Recorded data START
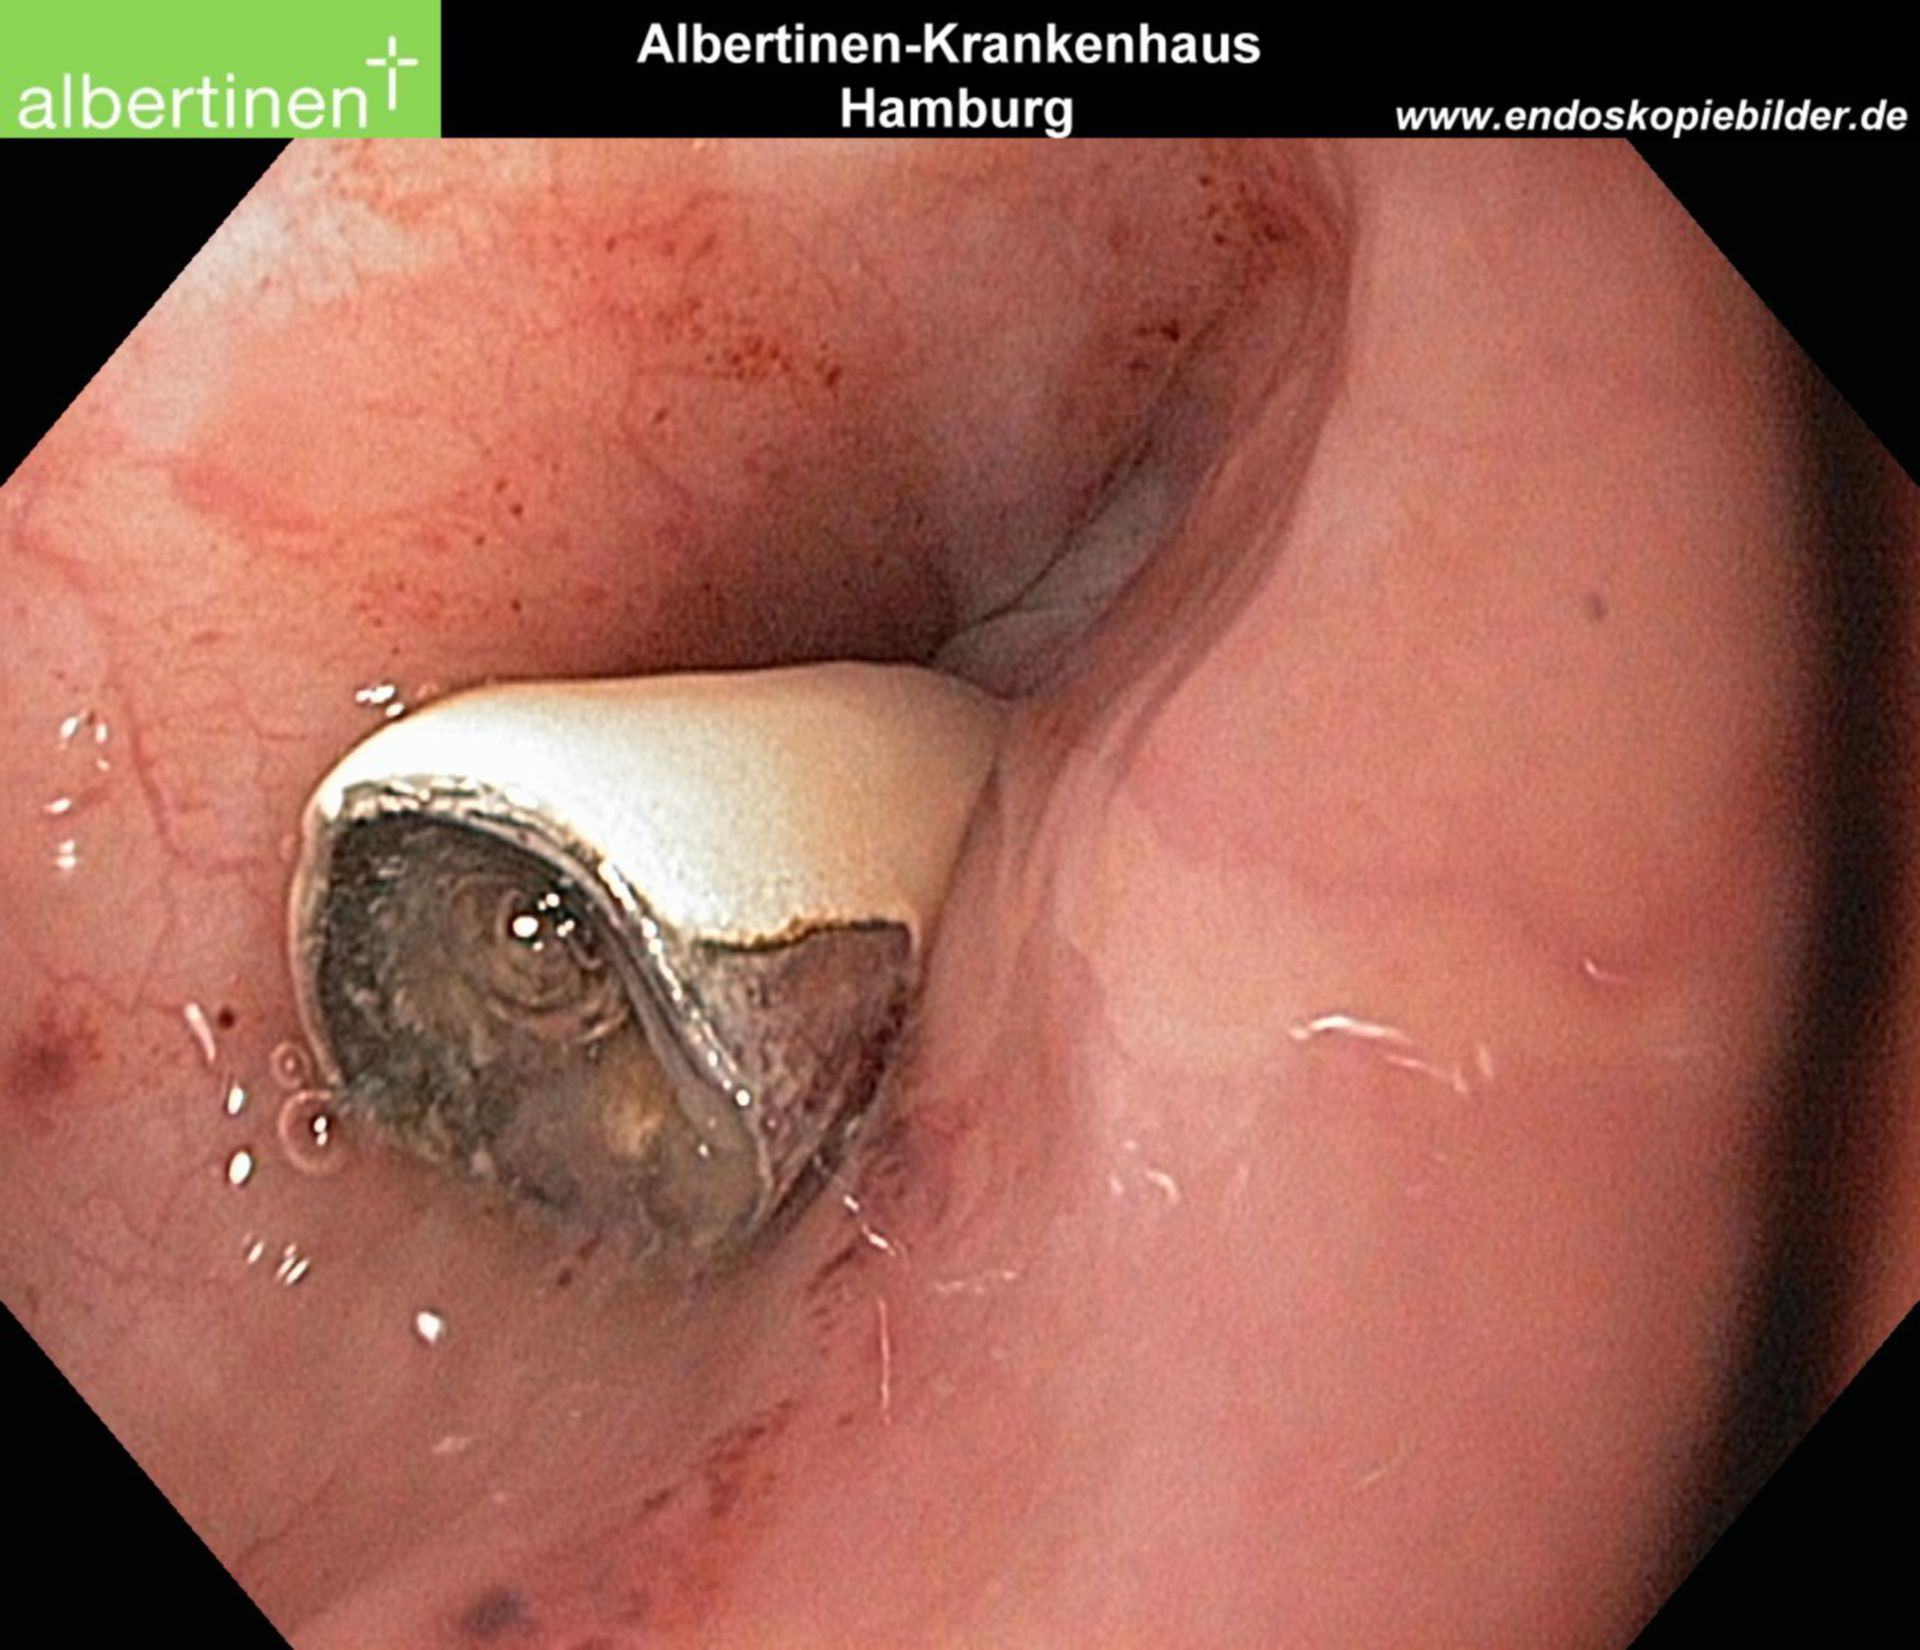 Tooth in esophagus after intubation
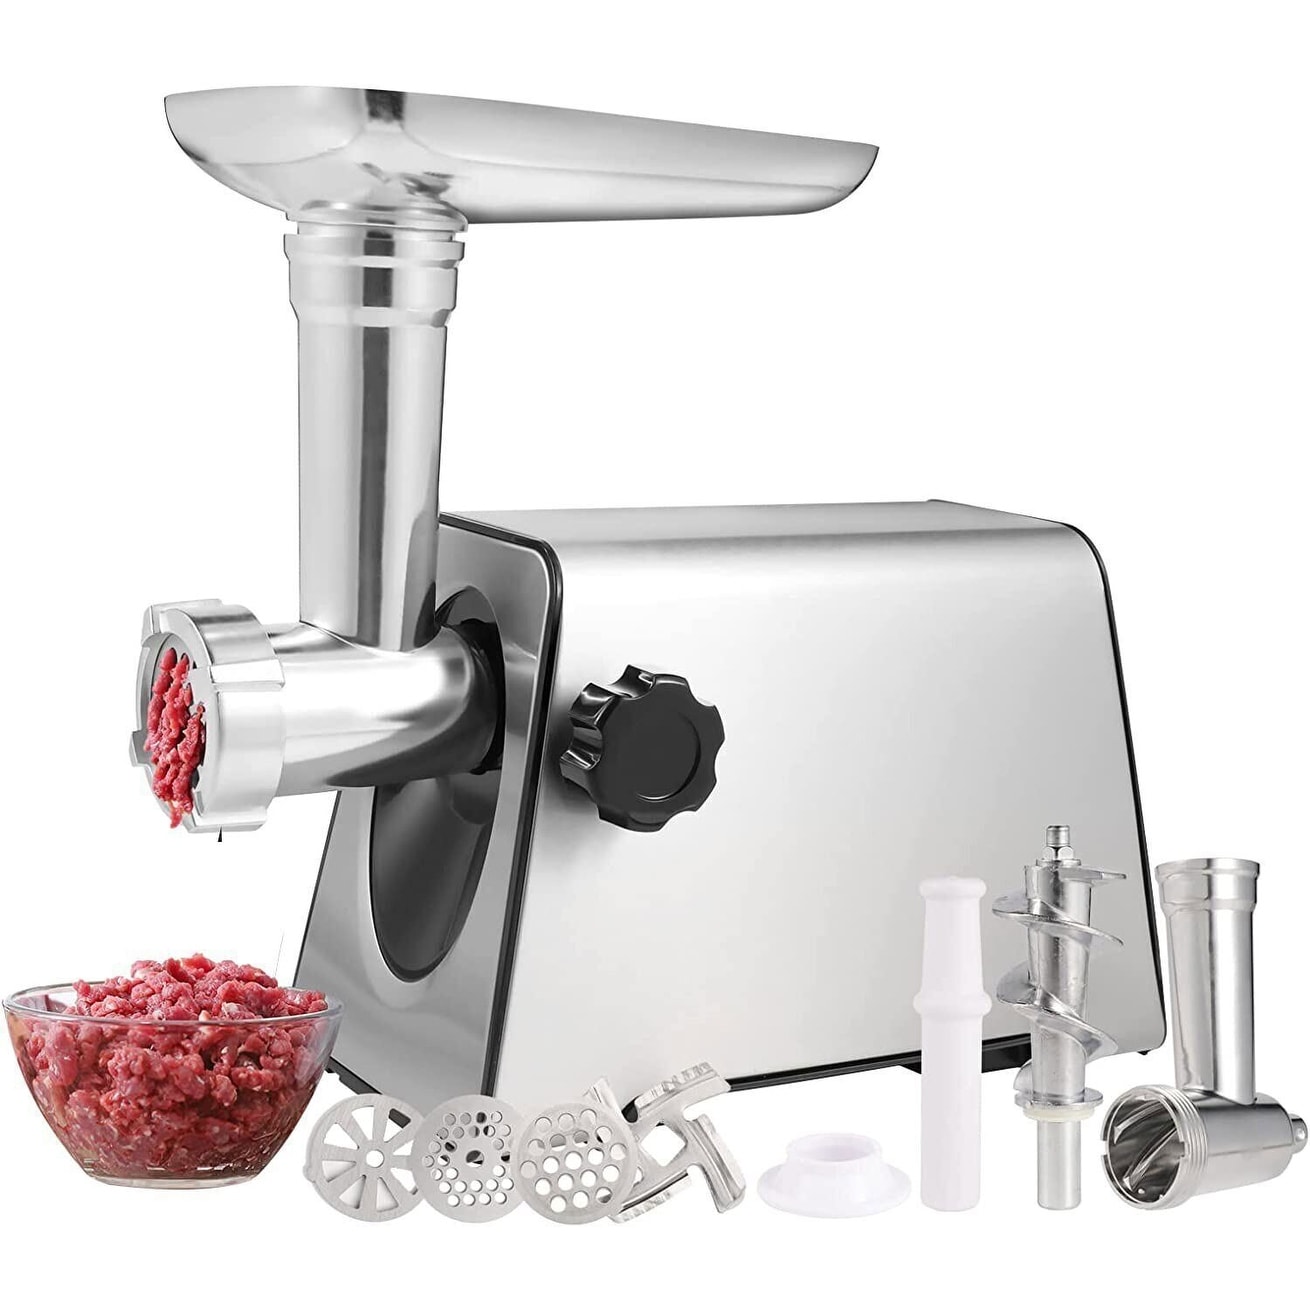 Simple Deluxe Electric Meat Grinder, Heavy Duty Meat Mincer, Food Grinder with Sausage & Kubbe Kit, 3 Grinder Plates, 800W Power
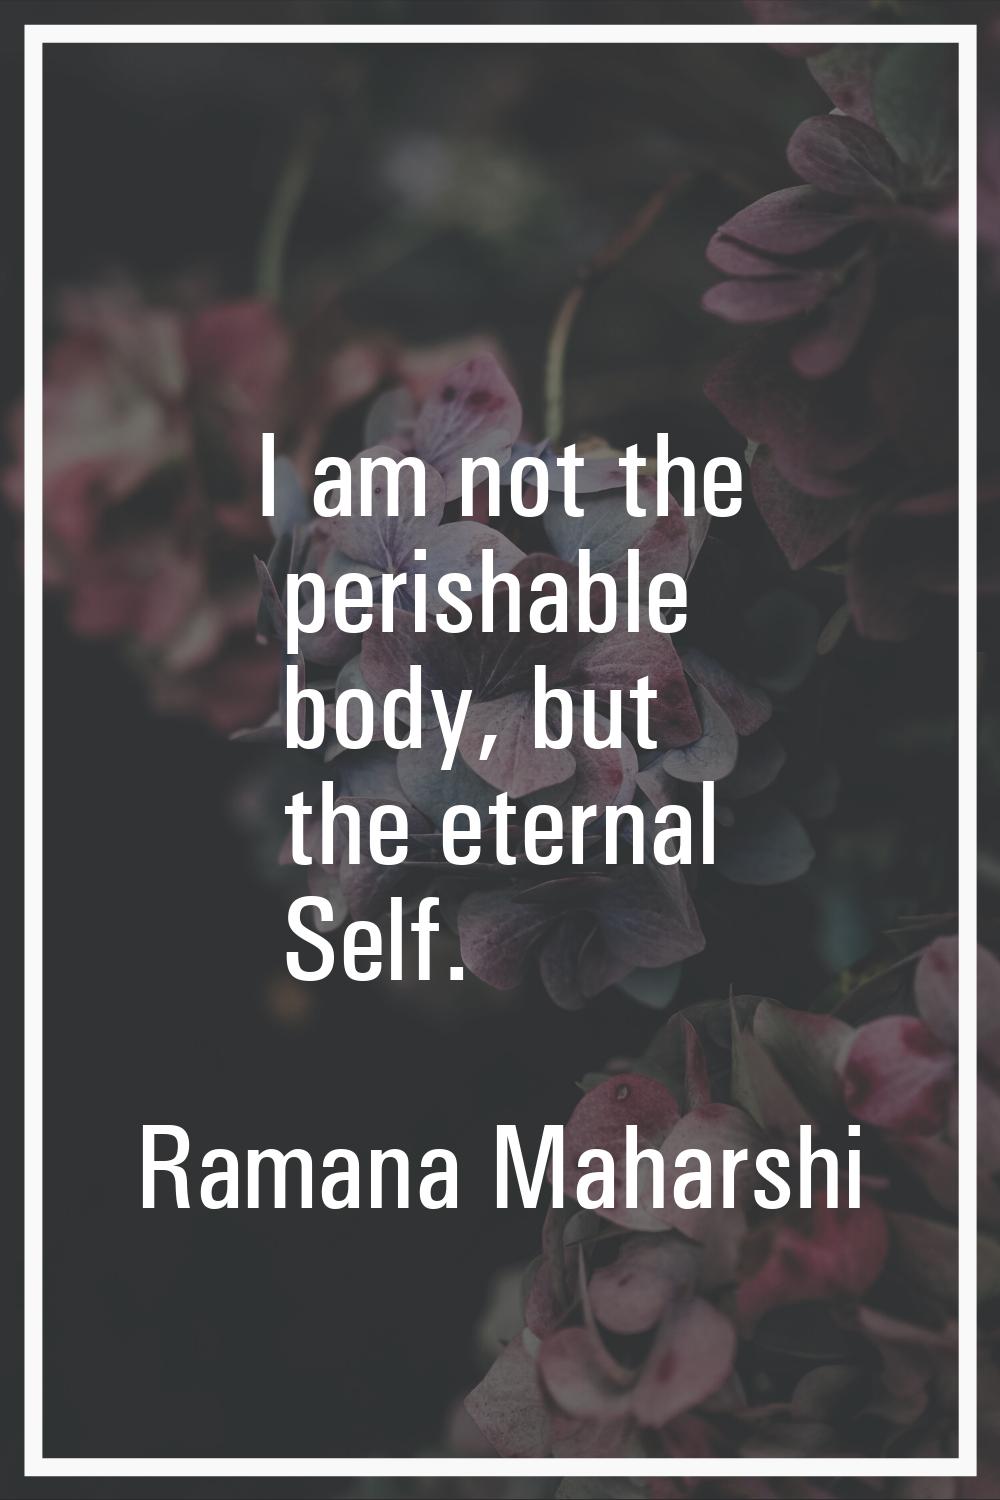 I am not the perishable body, but the eternal Self.
Recorded data END
Pictures aside, transcribe exactly the lines from the line containing "Simple Deluxe Electric" through the final line of the material above.

 Simple Deluxe Electric Meat Grinder, Heavy Duty Meat Mincer, Food Grinder with Sausage & Kubbe Kit, 3 Grinder Plates, 800W Power
 I am not the perishable body, but the eternal Self.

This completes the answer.